Somewhere nearby, a lone bird wailed against the night. “Allison?”

Her eyes misted over. “The woman you love,” she clarified.

“The woman I—” He broke off the words abruptly and stared down into her upturned face. And knew. That first night fired through him, the prophecy she’d shared, the claim of the woman on the beach. The woman he’d give his life for.

His heart kicked hard. “Angel,” he said thickly, “you’ve got it wrong.”

She shook her head, almost fiercely. “She was the woman I saw on the beach. The one you’d give your life for.”

She’d been right.

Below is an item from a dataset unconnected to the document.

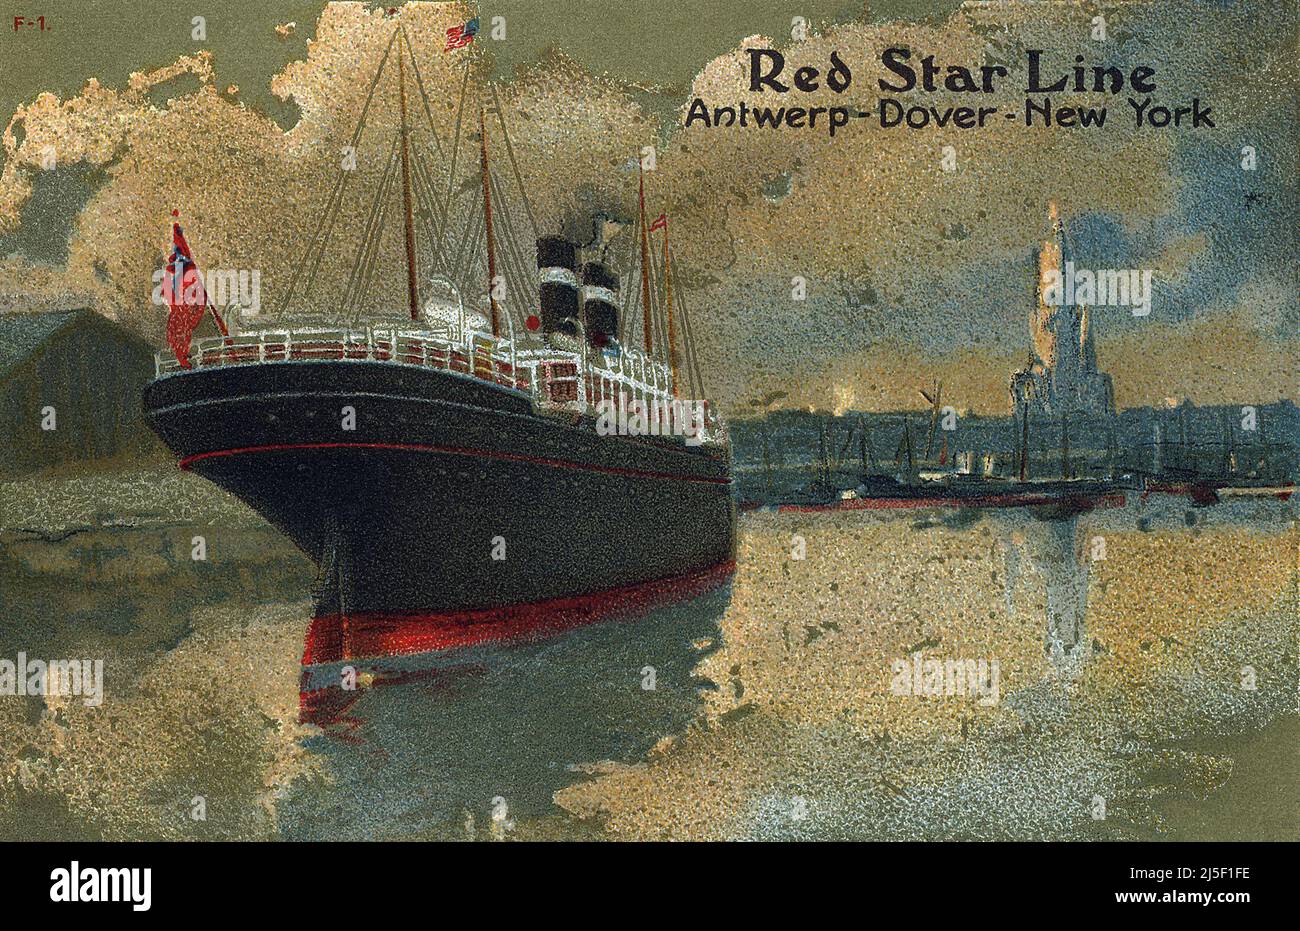 Vintage postcard promoting the Red Star Line shipping services between Antwerp, Dover and New York. Stock Photo

He’d scoffed at her, accused her of being affiliated with Jorak Zhukov, but all along she’d been right. She’d known, long before there was the sliver of possibility. “If that’s the case,” he asked, needing her to see the
truth,
feel
the truth. “Then why are you here now?”

That got her. She blinked at him, narrowed her eyes as though he’d just asked her to explain the inexplicable. For a moment she looked away from him, toward her right, where the James rushed over the granite slabs. “The dreams,” she said, looking back at him. “They haven’t gone away.” Her eyes took on an ethereal glow that fed some place deep inside. “They’re … more intense.”

For six weeks he’d looked for this woman, refusing to give up hope even when every sign pointed to the futility of his search. She’d left him. She didn’t want to be found. She’d made that clear. He’d screwed up. He hadn’t seen the truth. He hadn’t told her. But now here she stood, and his body burned at her words. “The same dreams?” he asked, even though he already knew.

She glanced down at her Great Dane, who sat patiently and loyally at her feet, then back at Ethan, revealing even more color to her face, a flush much like the night when he’d run his mouth over every inch of her body. “No.”

He did it then, what he’d wanted to do from the moment he’d seen her standing in the shadow of the sycamore, even those fleeting moments when he’d thought her an apparition. He stepped forward and touched her, very gently, a finger to the underside of her jaw. “Tell me.”

She quickly looked away from the heat he knew burned in his gaze. “It doesn’t matter.”

“It does to me.”

“That’s not why I came here,” she said, and her nervousness, uncharacteristic and strangely charming, almost undid him. “I came here for closure.” She looked up abruptly, pierced him with whitewashed sapphire. “I came to say goodbye, to make the dreams go away.”

He felt himself smile, knew the curve of his lips would be dark and lazy. “You’re so wrong,” he said, and couldn’t believe that everything inside him that had been cold had suddenly turned warm. “Allison is a friend and I love her, yes, but not in the way a man loves the woman he wants to spend his future with.”